Oh yes, the "Jek Packer" only uses string packing, and it is
also one of the packers that unpack all data from behind. There
is not much advantage in this method, except that the files can
be packed from the front, starting with the first byte and ending
with the last. The "Bytekiller" uses d5 for a checksum and after
unpacking a byte tells if the file was damaged on the disk.
The "Automation Packer" was well known, but there were also a
lot of bugs in there. The packer didn't work on hard drives and
the like. In fact, it was some bad programming and I am sure that
the packing routine was also ported from the Amiga. It was the
only intelligent part of the program, even though it was also
full of bugs. Now, the "Automation Packer" has a nice shell and
has been improved a lot. I don't know if the packing routine has
also been improved or not. I never use it anyway.
The "Pompey Pirates Packer" is one of the better packers around.
It can compress strings, repeating bytes and replace bytes with
only 1 bit set (1,2,4,8,..) by less than 8 bits. This is quite
useful, as those bytes come up very often in files. Some things
could be better though: The string packer is not very optimized,
the offset could be set higher for better compression (up to
$10000) and packing takes very long (Hi JPM! Are these enough
improvement suggestions?).
Note: I am referring to the "Pompey Pirates Packer" 1.5, as I
don't have 1.9 yet. Well, it might be improved. I don't know.
A valuable lesson
By doing a lot of packing stuff, I have learned that it is very
useful to have a verify option in a packer, because there are
often bugs hidden in the packer, even if you think that you have
eliminated all. And nothing is worse than creating damaged files
when packing. So I suggest all packer writers to include verify.

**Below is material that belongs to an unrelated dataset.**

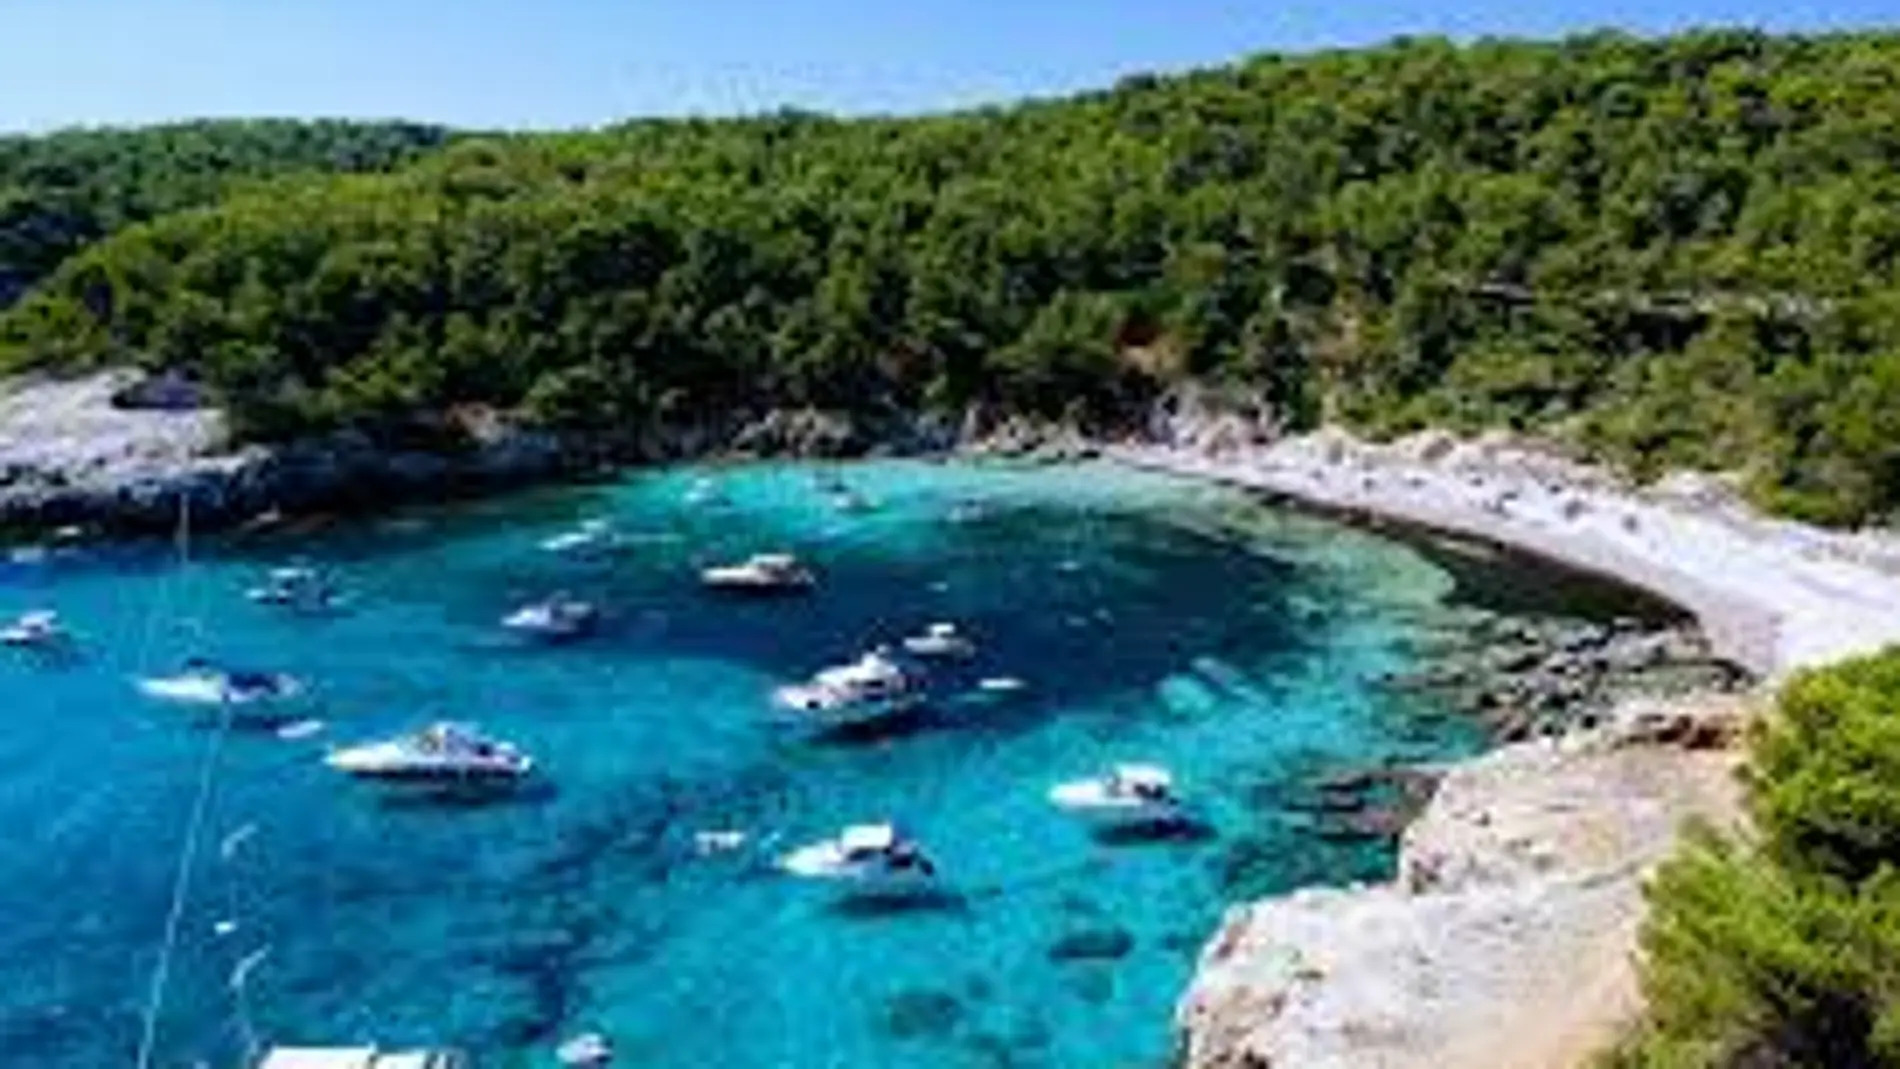 Menorca está considerado como uno de los mejores paraísos de calas

Another thing that is interesting for all lamers: Please learn
to remove this horrible color flashing in the background. It
hurts my eyes, it makes good graphics look like shit and uses up
memory and processor time. Especially those guys who use "Pack-
Ice" and insert their color flashing shit in the unpacking
routine should be hot into space where they can do as much color
flashing as they want to. Why do I optimize an unpack routine as
much as possible if some lamer just adds 20 bytes for color
flashing.
If you want to demonstrate that a program is packed, then say
"Packed by...". That should do it.
I have often been asked when "Pack-Ice" 3.0 will be finished....
Well, to be honest, I haven't done any coding on "Pack-Ice" for
2 or 3 months. But right now I have the time to get back to
coding. Maybe you will not get 3.0, but only 2.5 or something,
but I'll try to give you the best packer in your hands, so you
and everybody else can save a lot of disk-space.
Disclaimer
The text of the articles is identical to the originals like they appeared
in old ST NEWS issues. Please take into consideration that the author(s)
was (were) a lot younger and less responsible back then. So bad jokes,
bad English, youthful arrogance, insults, bravura, over-crediting and
tastelessness should be taken with at least a grain of salt. Any contact
and/or payment information, as well as deadlines/release dates of any
kind should be regarded as outdated. Due to the fact that these pages are
not actually contained in an Atari executable here, references to scroll
texts, featured demo screens and hidden articles may also be irrelevant.